Anne Chirnside

Personal information
- Nationality: Australian
- Born: 9 September 1954 (age 71)

Sport
- Sport: Rowing
- Club: Melbourne University Boat Club YWCA Rowing Club

Achievements and titles
- Olympic finals: 1980 Moscow W4+
- National finals: ULVA Trophy 1977-1980

= Anne Chirnside =

Australian rower (born 1954)

Dr. Anne Elizabeth Chirnside (born 9 September 1954) is an Australian former representative rower and a general practitioner of medicine in rural Victoria. She was an eight time Australian national champion, twice represented at World Rowing Championships and was a member of Australia's first Olympic representative women's rowing crew, competing in the women's coxed four event at the 1980 Summer Olympics.

==Club and state rowing==
Chirnside commenced her senior rowing with the Melbourne University Boat Club in 1973. From 1976 to 1978 she raced for the YWCA Rowing Club in Melbourne but then returned to the MUBC.

She first made state selection for Victoria in 1977 as a reserve for the coxed four to contest the ULVA Trophy at the annual Interstate Regatta within the Australian Rowing Championships, though she did not race. She raced and won the ULVA Trophy in senior Victorian women's fours in 1978, 1979 and 1980.

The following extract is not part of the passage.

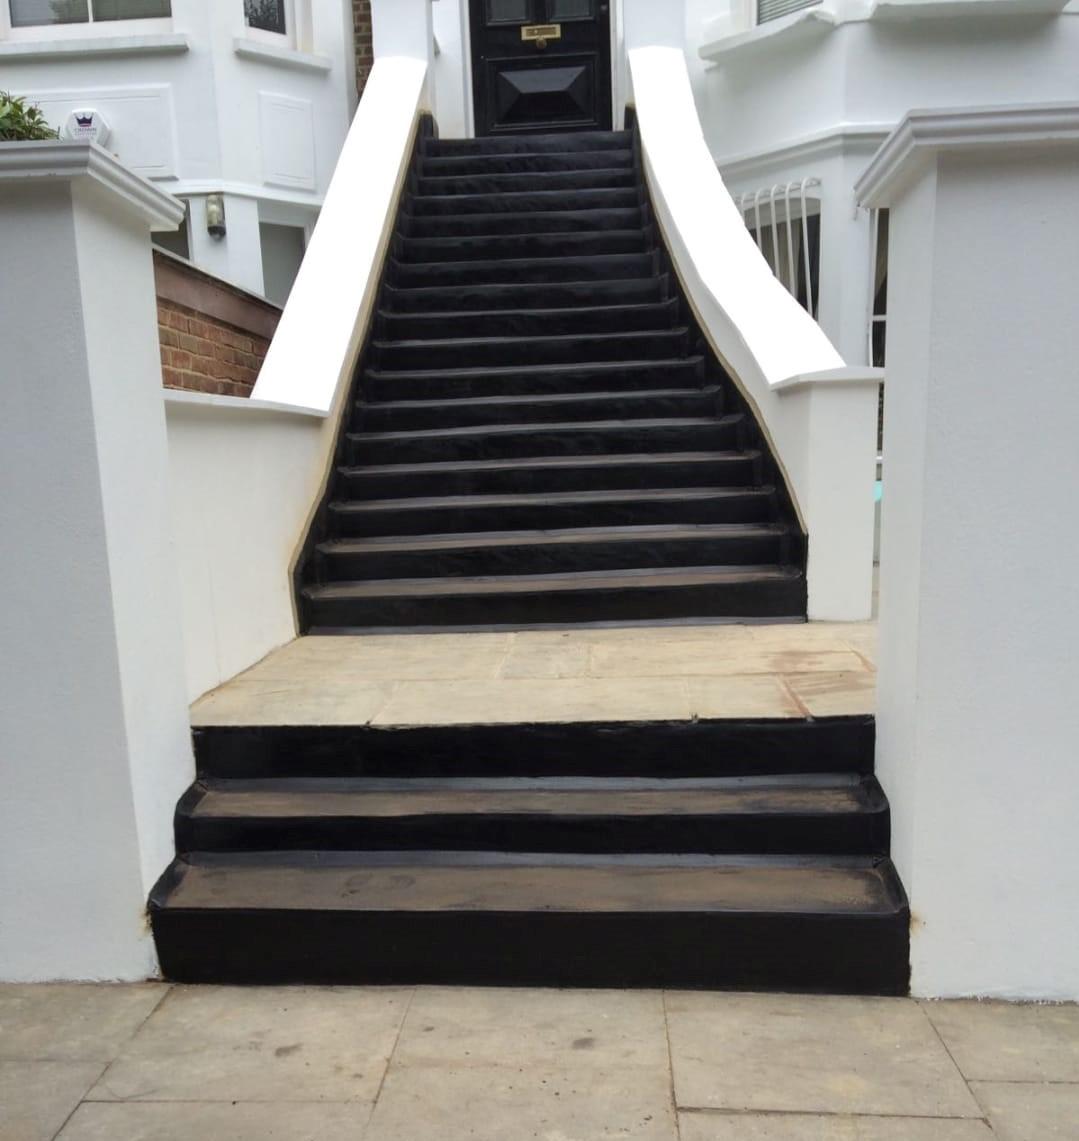 Asphalt Steps London Uk Rj Evans Flat Roofing Limited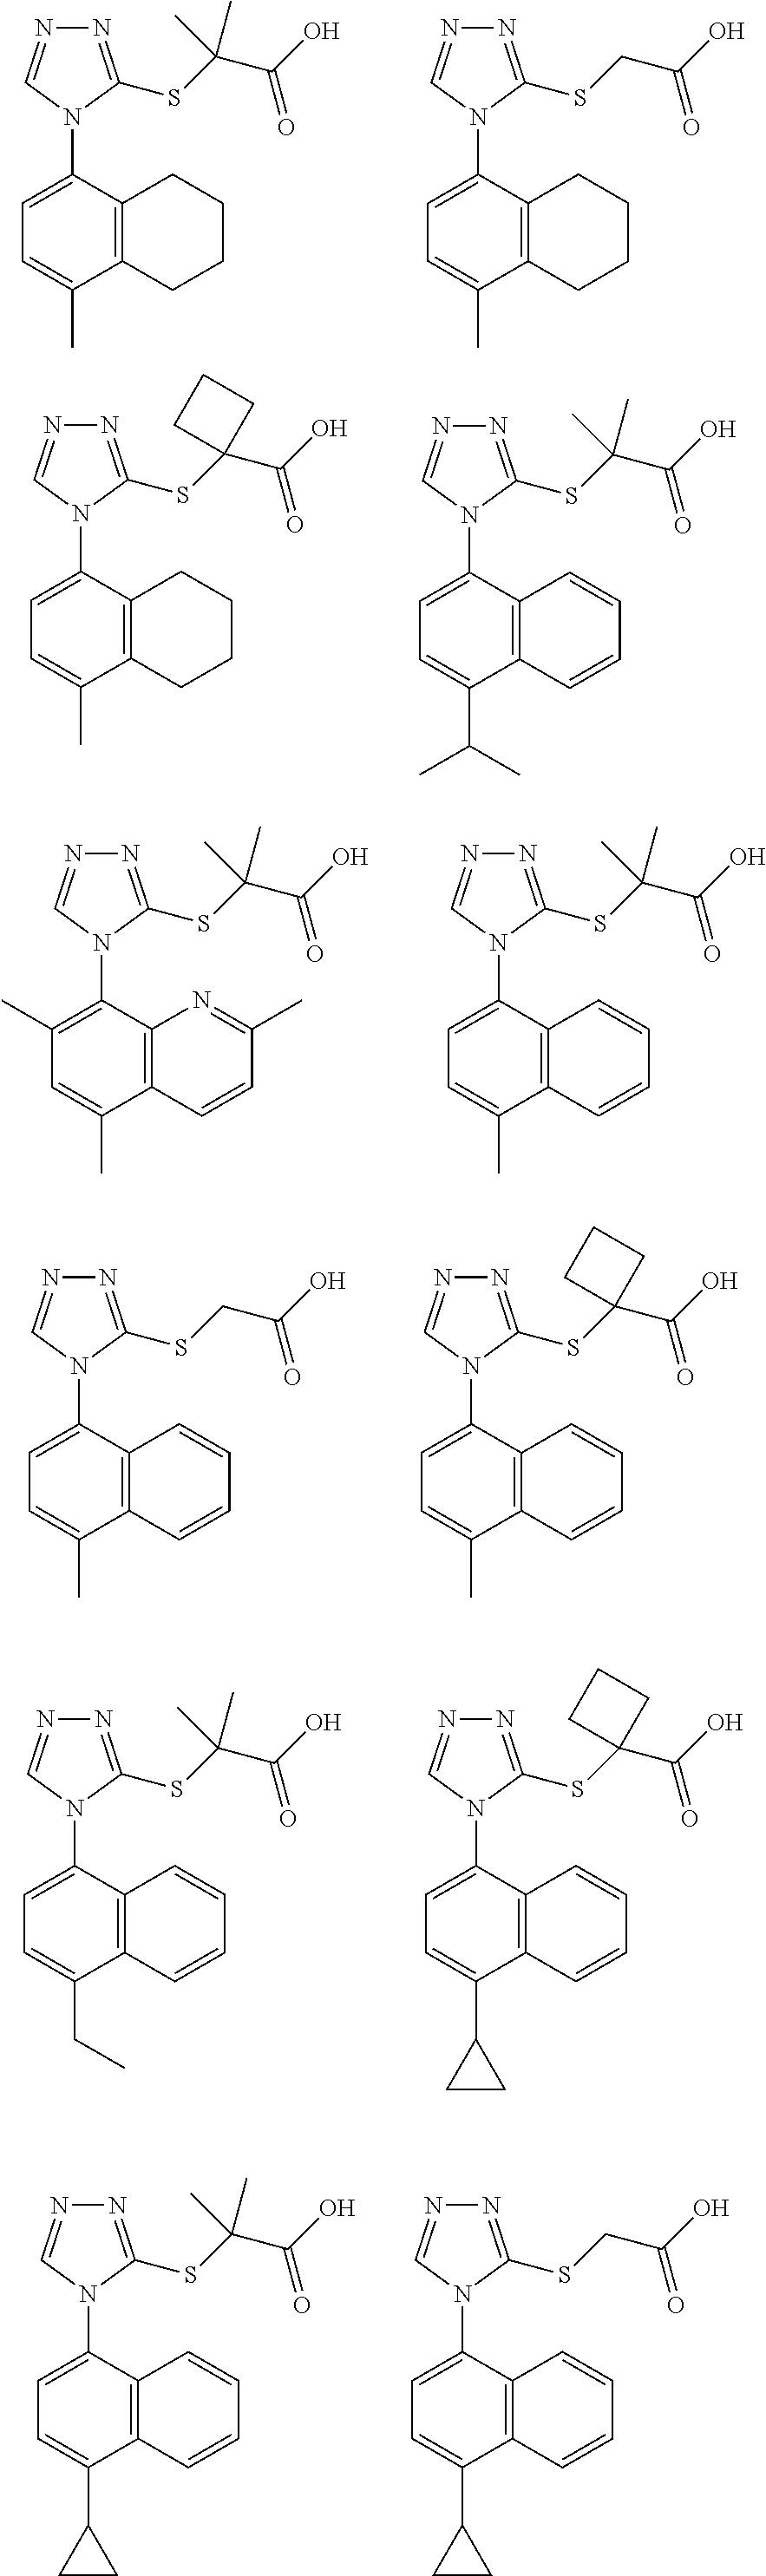 Figure US08283369-20121009-C00037

At Australian Rowing Championships in the late 1970s Chirnside won a silver medal in the elite pair in 1977, took gold in a composite women's eight in 1978, gold in the women's elite coxed four and women's open eight in 1979 and 1980.

==International representative rowing==
The 1979 Australian champion Victorian women's four with Chirnside in the bow seat was selected in toto to contest the 1979 World Rowing Championships in Bled. They rowed to a fifth place. That same crew stayed together into the 1980 Olympic year and coached by David Palfreyman, Chirnside, Sally Harding, Pam Westendorf, Verna Westwood and Susie Palfreyman were selected as the first Australian women's Olympian crew, to race as a coxed four at the 1980 Moscow Olympics. They again finished in fifth place.

==Post rowing==
Chirnside coached the Geelong College first four from 1981 to 1985. She completed medical studies at Melbourne University and operated a general practice in Little River in the Wyndham local government area of outer Melbourne.

She married fellow 1980 Australian rowing Olympian Tim Young. For a period they owned the historic rural property Mouyong in the Little River area. That property had historical connections to earlier generations of the Chirnside family.